Arbutus howled from beyond the wall of the tent. He thought, What beautiful dreams the insane must occasionally have: the violin, the green apple, people who love each other, people who gaze hopefully, people who forgive, God.

He could make out his brother’s form on the cot beside his own. He lay with his hands behind his head and made blue cigarette smoke. He rarely slept in his cot and usually slept with the horses.

“Are you awake?” Napoleon said.

“You’re not dead yet?”

“No. Not lately.”

“Good.”

“Koons?”

“Koons? He died.”

“Let me share that cigarette,” he said, and his brother reached it over to him.

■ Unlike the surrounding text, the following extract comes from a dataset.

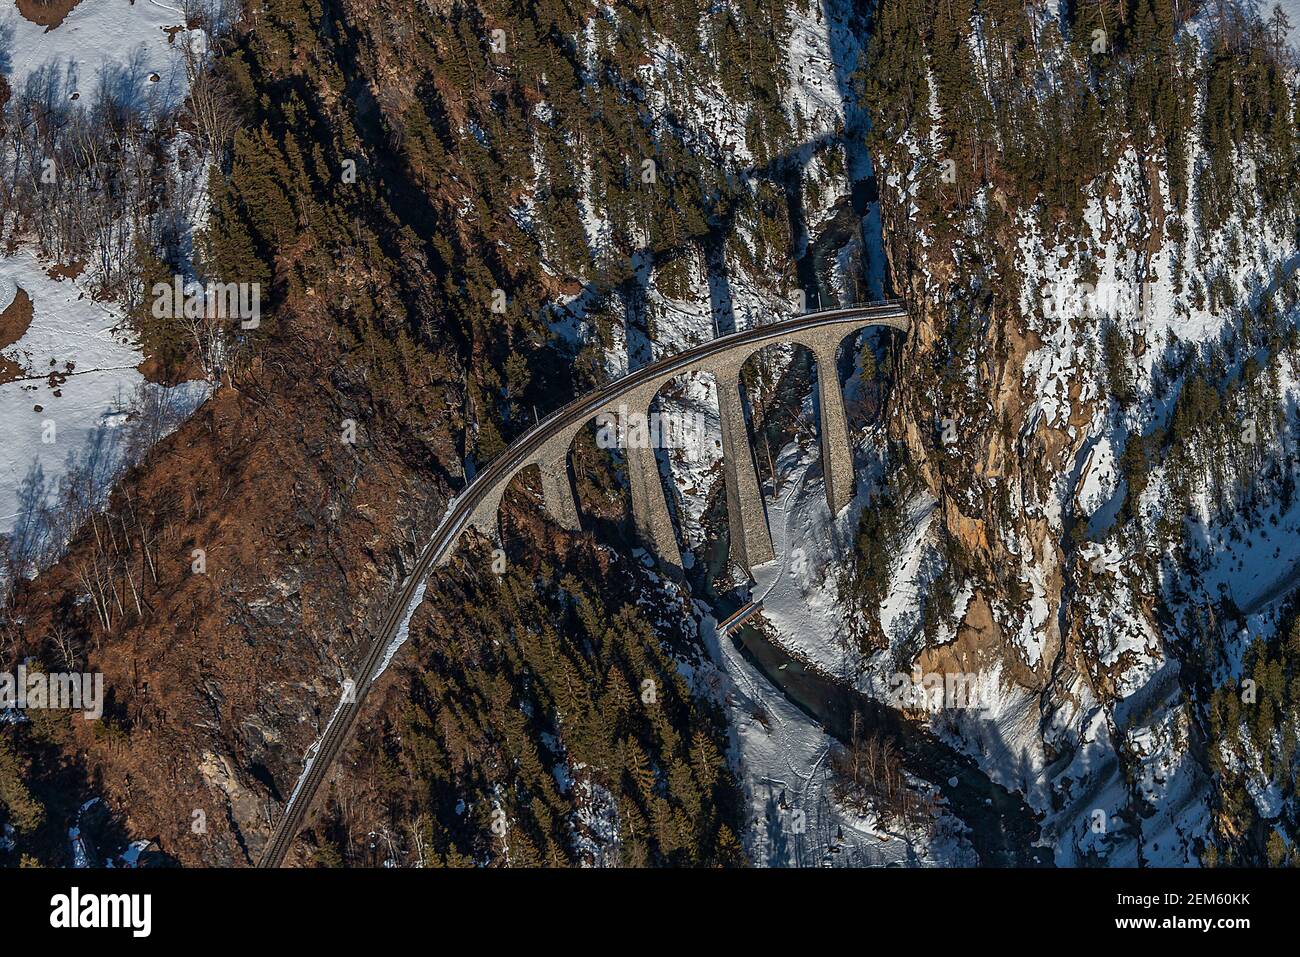 The Rhaetian Railway's Landwasser Viaduct in Switzerland. Stock Photo

The memories began again to take him. He knew he died out there and when he died the old world died with him, but it made no difference because the new world would likewise be a world of killing and in most ways indistinguishable from the old world.

“Preston,” Napoleon said.

“He was a complete bastard, that one. May he go to the hot place.”

His brother lit another cigarette from the one they’d been smoking and they shared this one too.

“Now what are you thinking?” his brother said, spitting a fleck of tobacco from between his teeth.

“Nothing. I was just away in my mind.” He shrugged his shoulders. The question meant little to him. There was no meaning in any of it.

“Can’t remember?”

“No. Not really,” he said, and it was true, he could not.